• **Data segment**
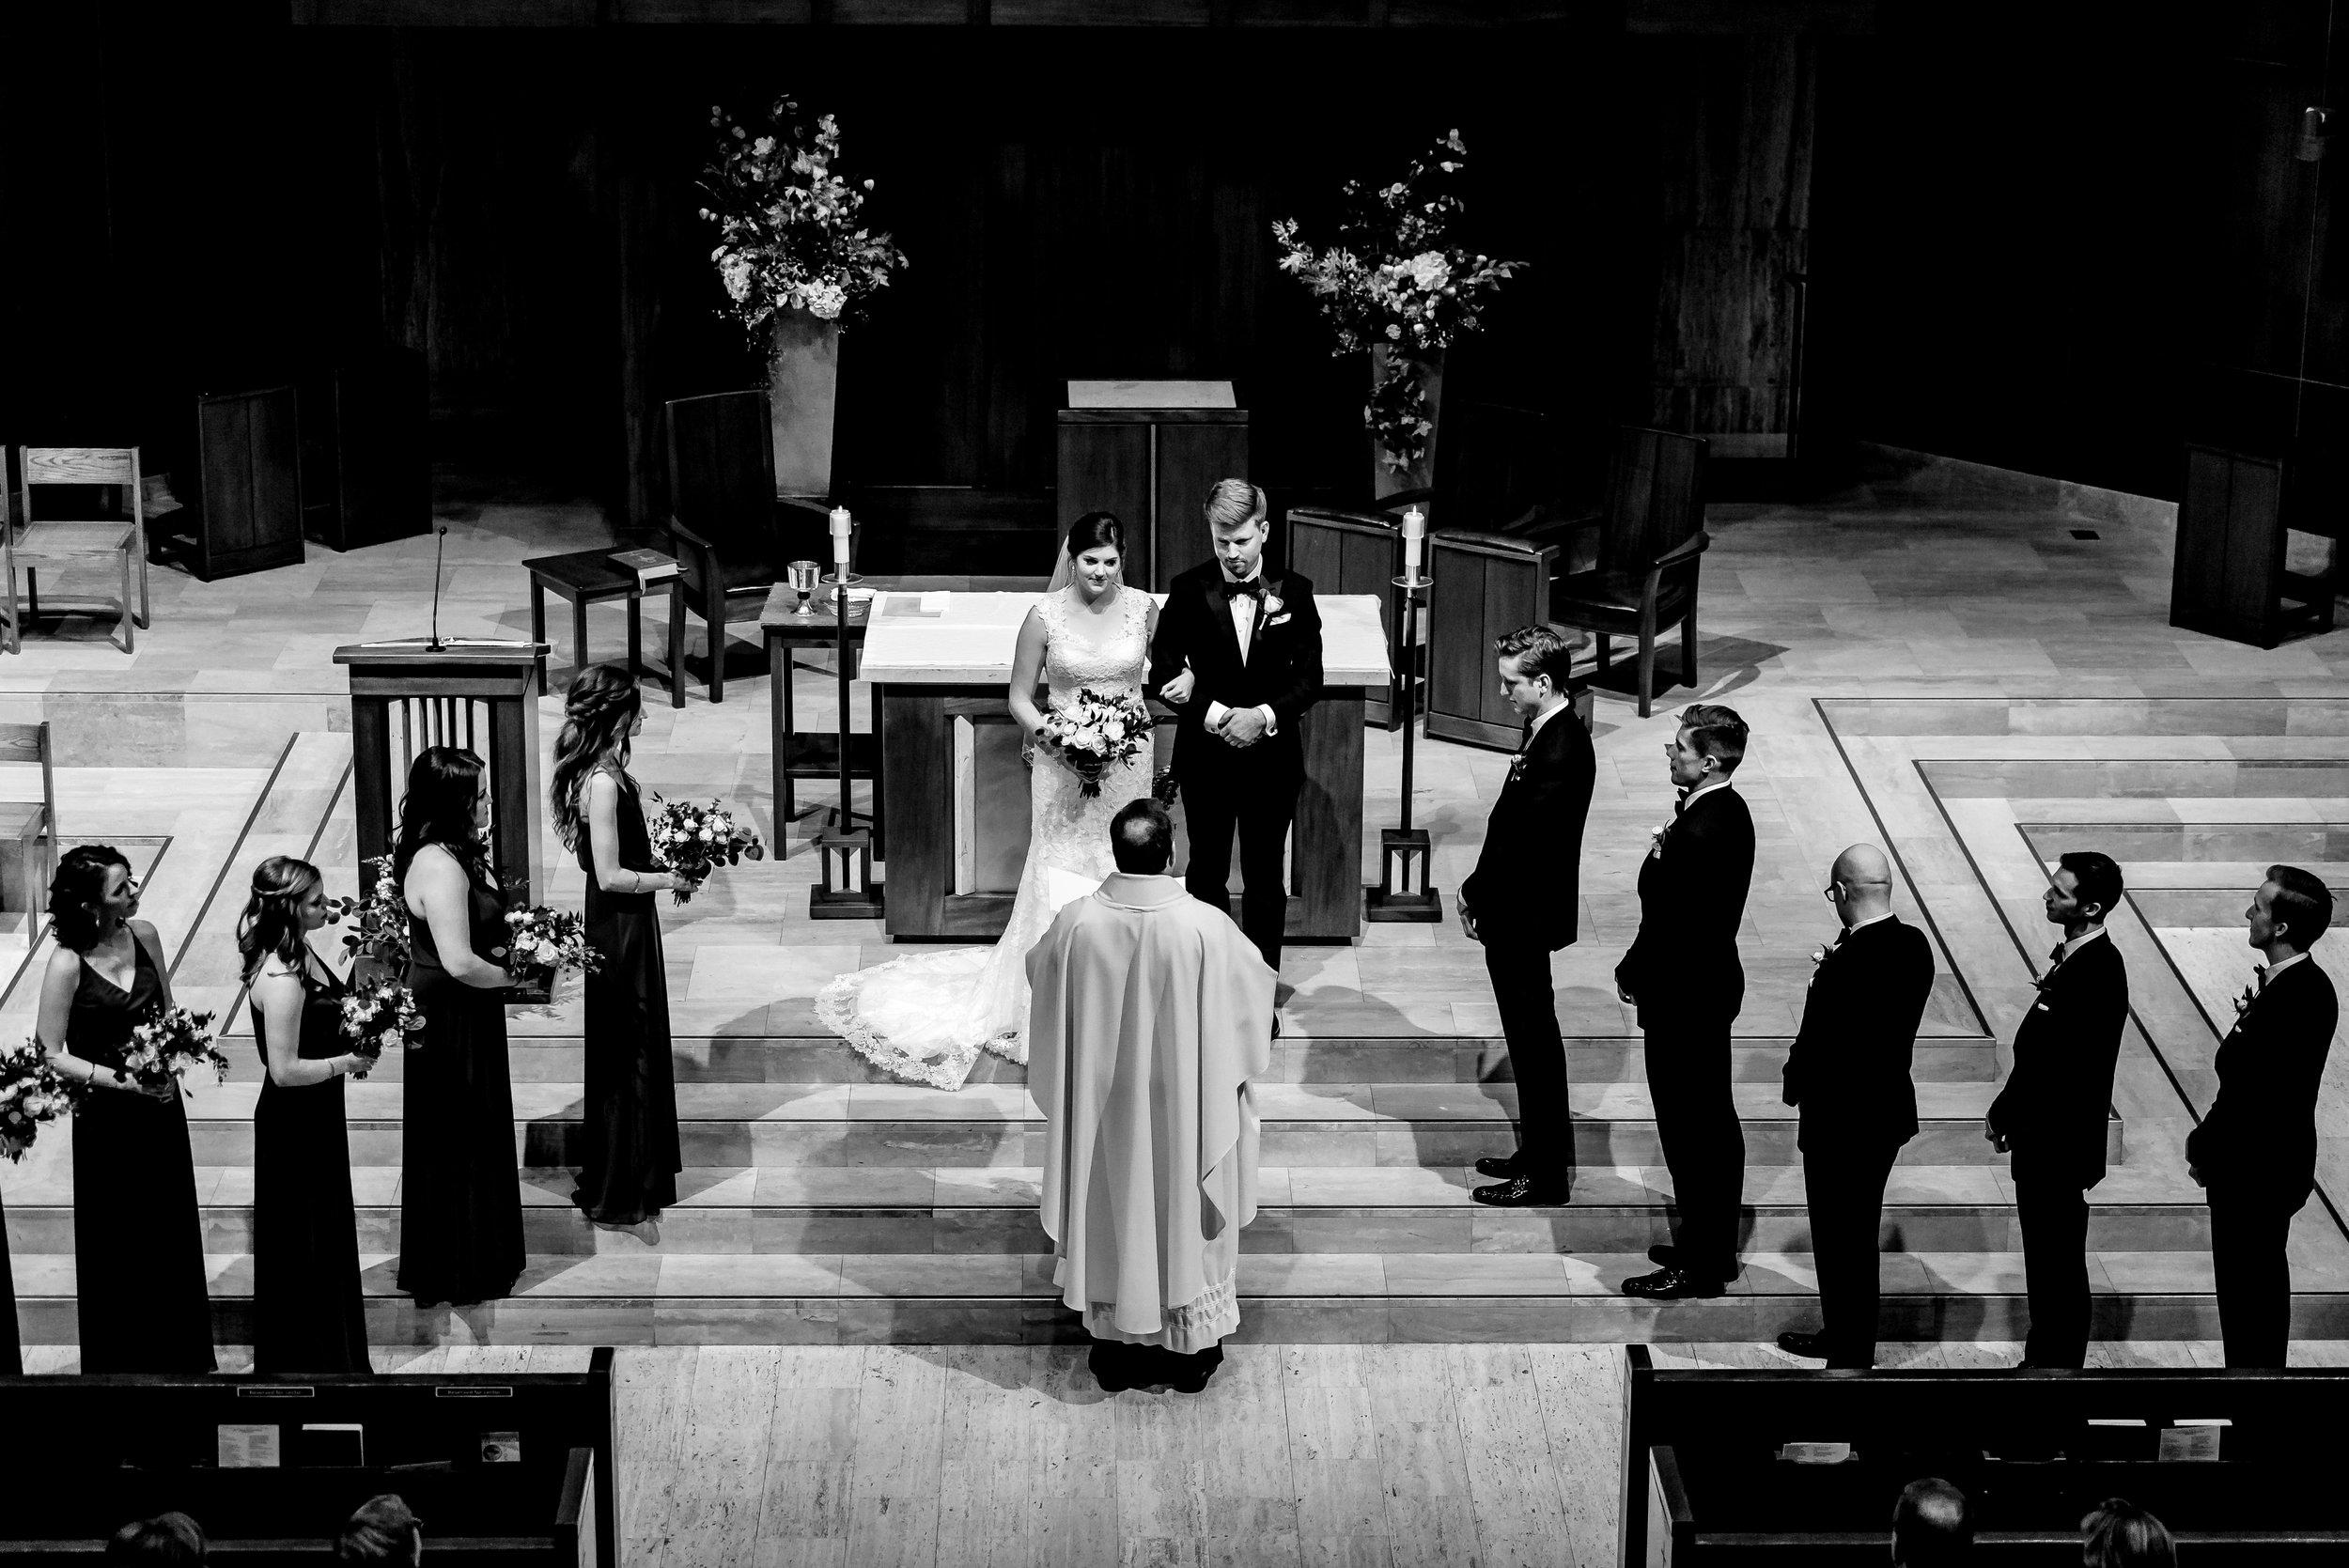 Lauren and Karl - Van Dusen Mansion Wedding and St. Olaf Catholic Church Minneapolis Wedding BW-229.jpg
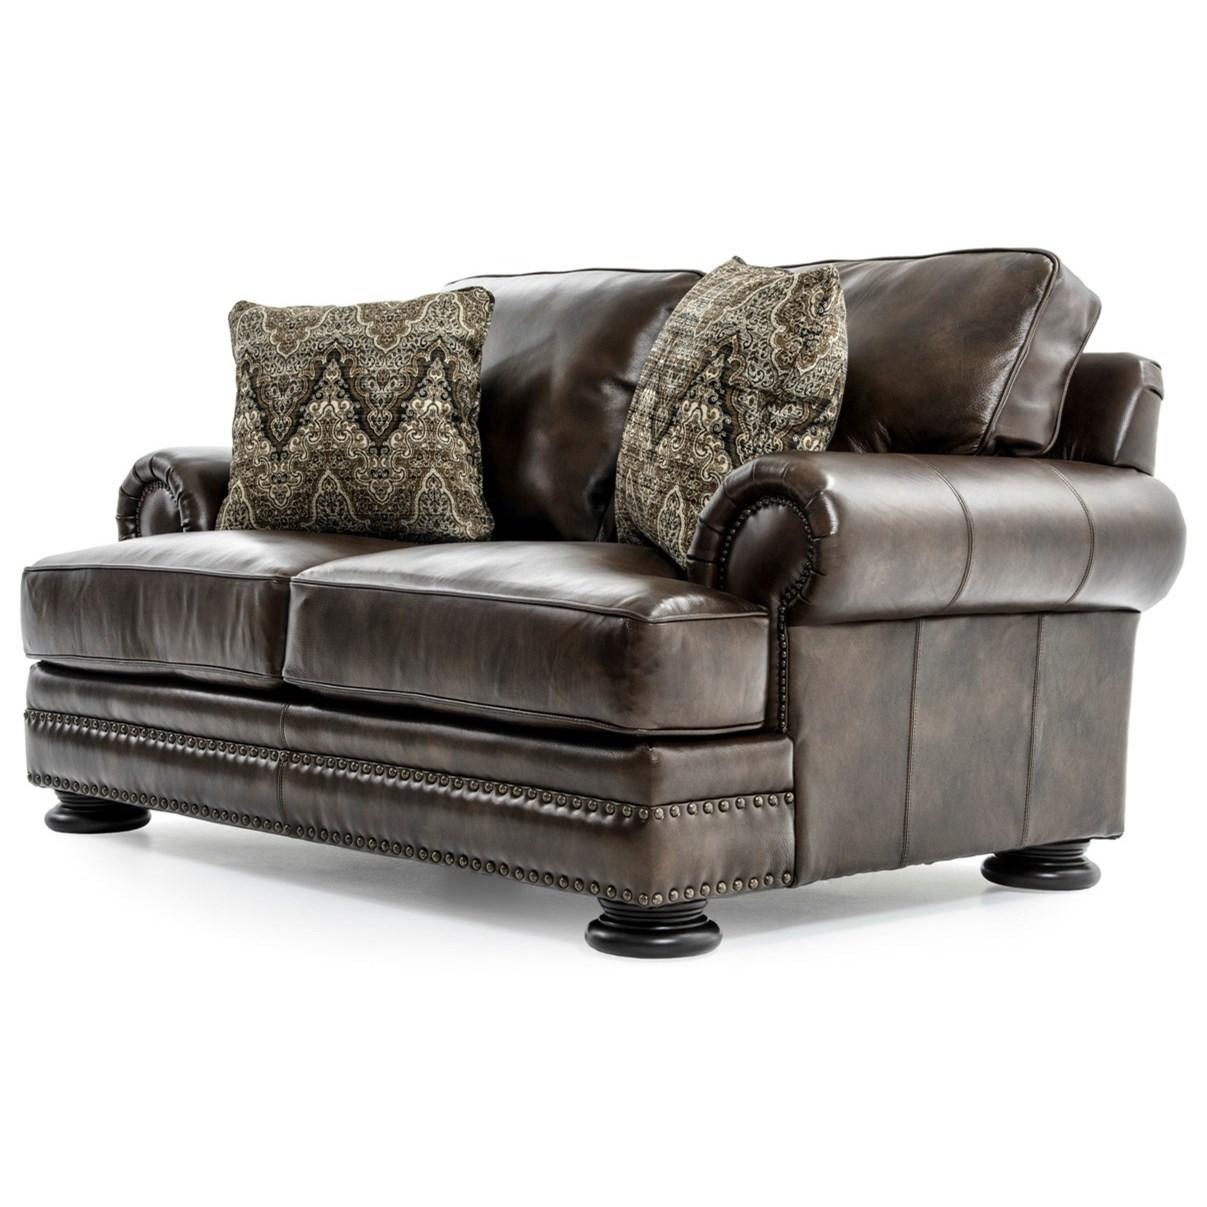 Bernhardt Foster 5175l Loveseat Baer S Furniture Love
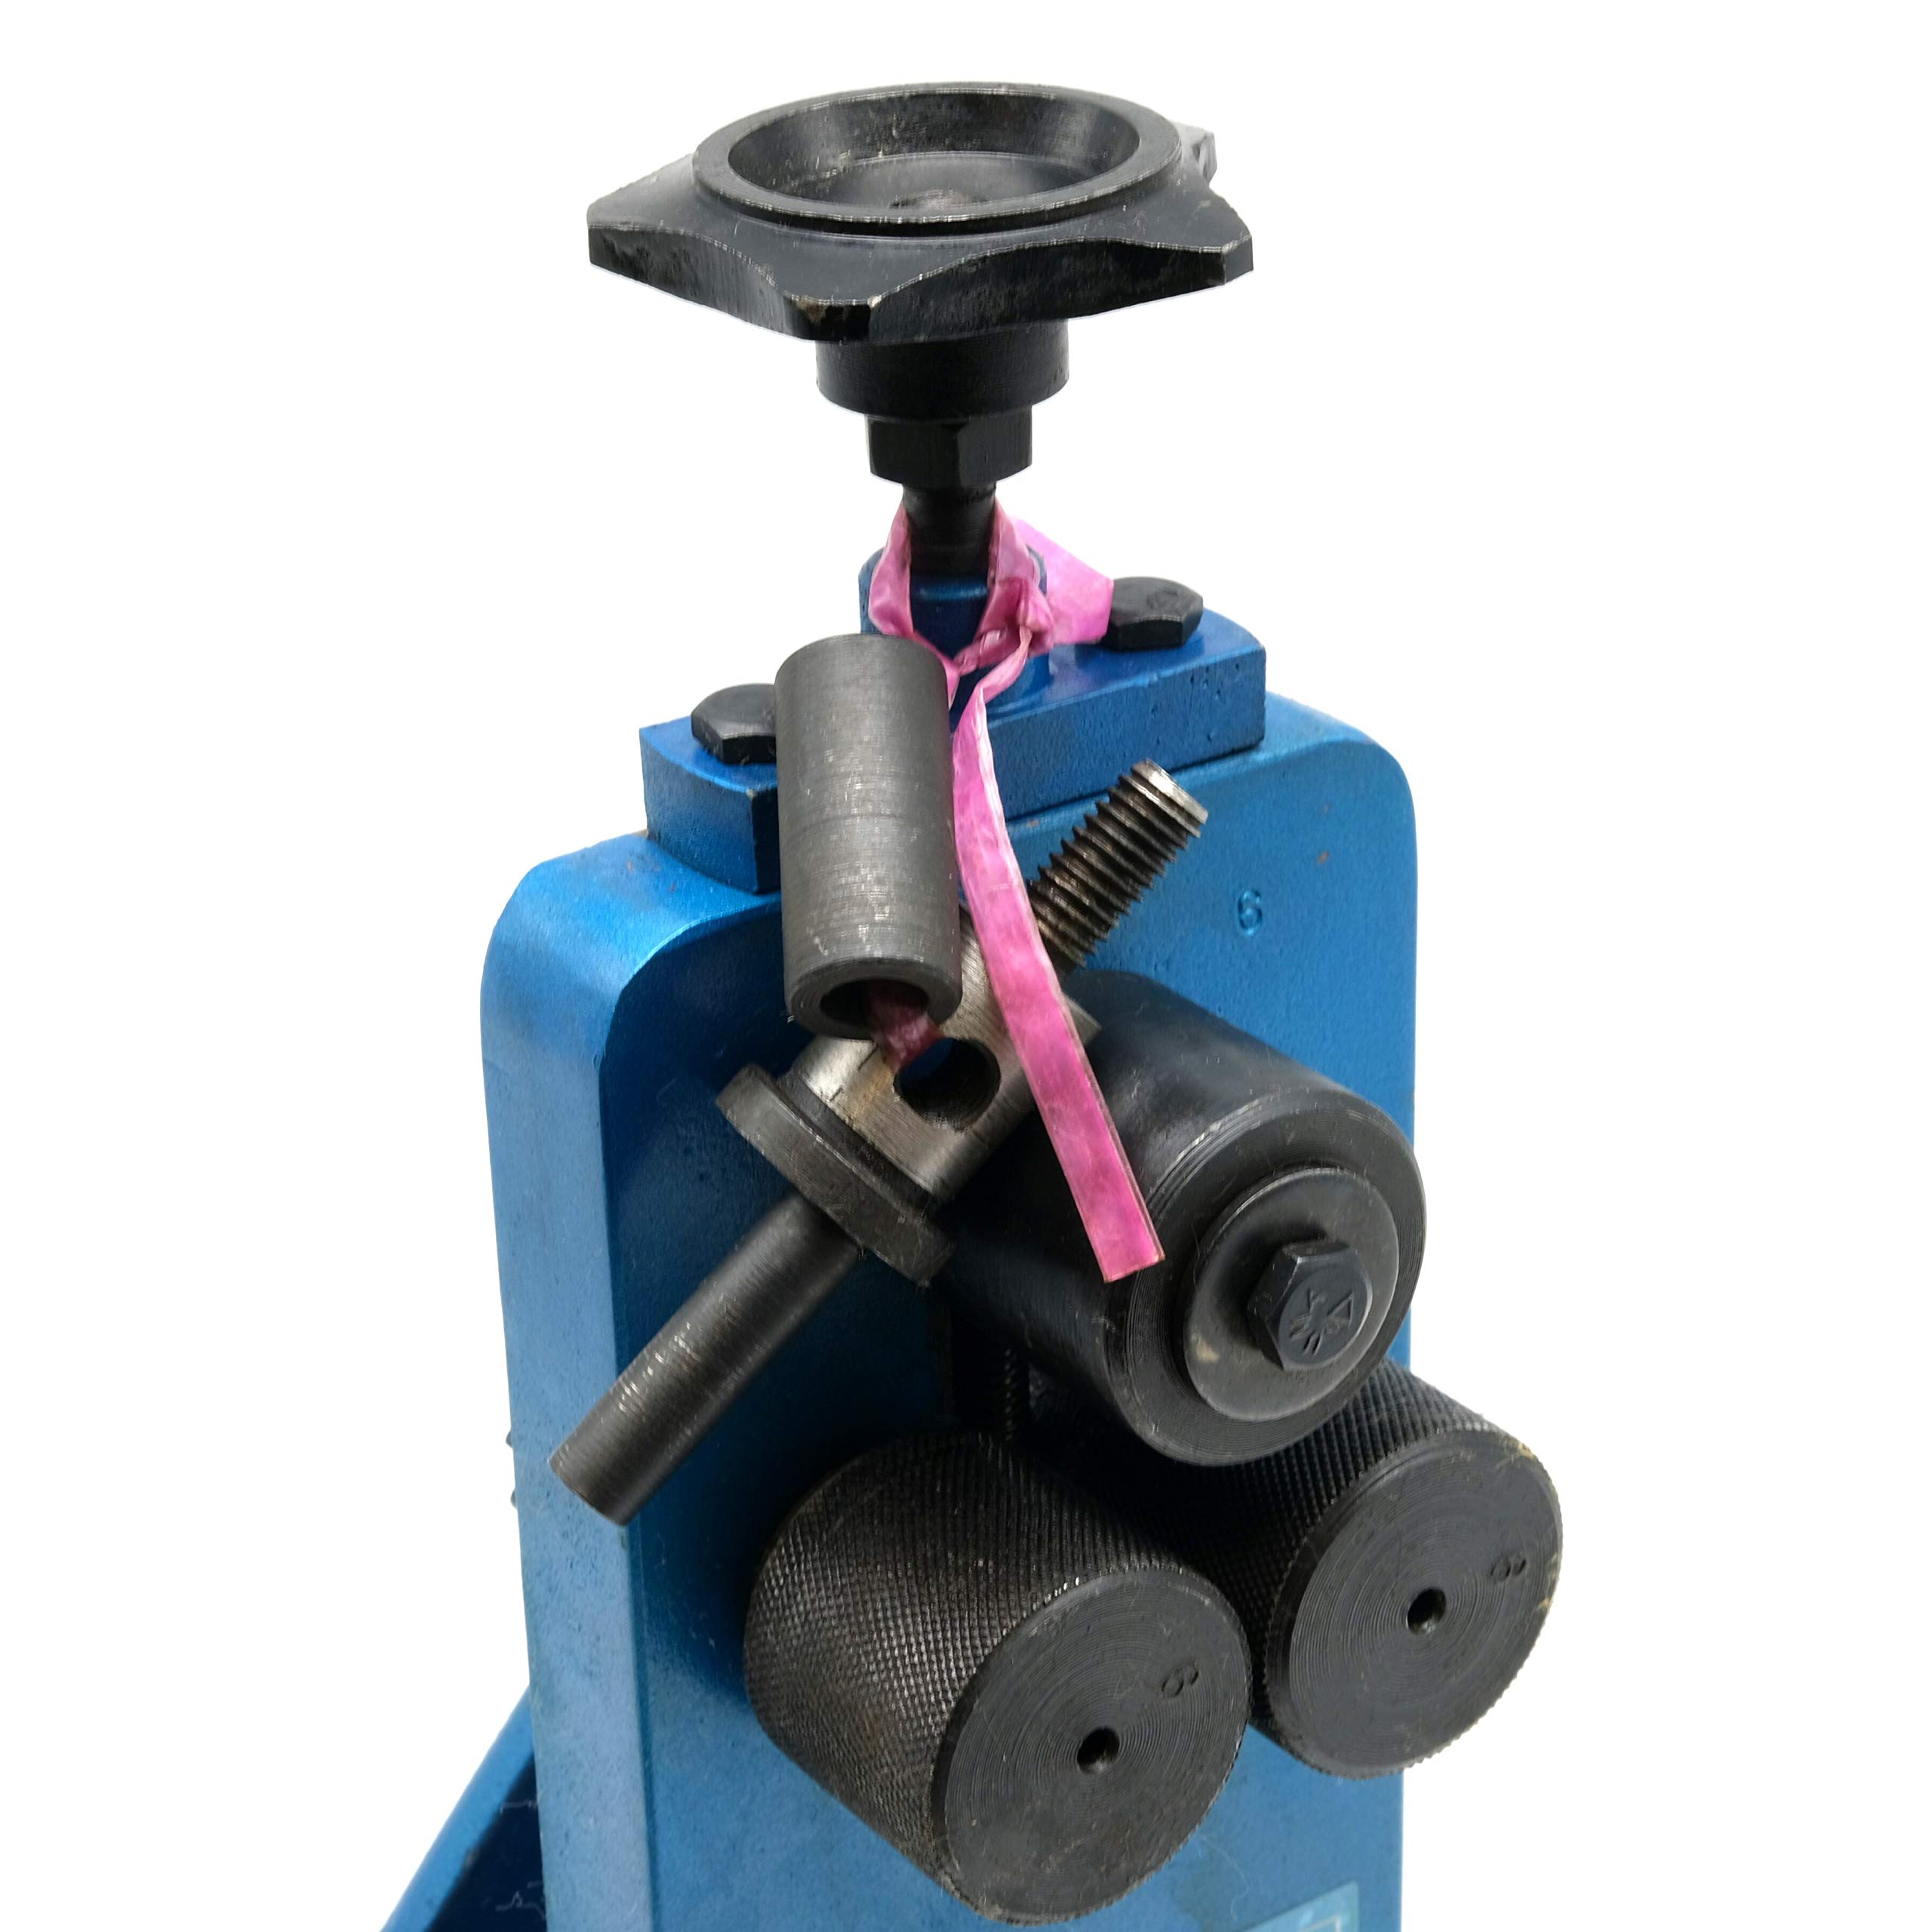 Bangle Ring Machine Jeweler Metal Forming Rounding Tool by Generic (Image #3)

• **What is expected**
Please repeat every line of the material above exactly and without its pictures.

• **Exercise output**
 Lauren and Karl - Van Dusen Mansion Wedding and St. Olaf Catholic Church Minneapolis Wedding BW-229.jpg
 Bernhardt Foster 5175l Loveseat Baer S Furniture Love
 Bangle Ring Machine Jeweler Metal Forming Rounding Tool by Generic (Image #3)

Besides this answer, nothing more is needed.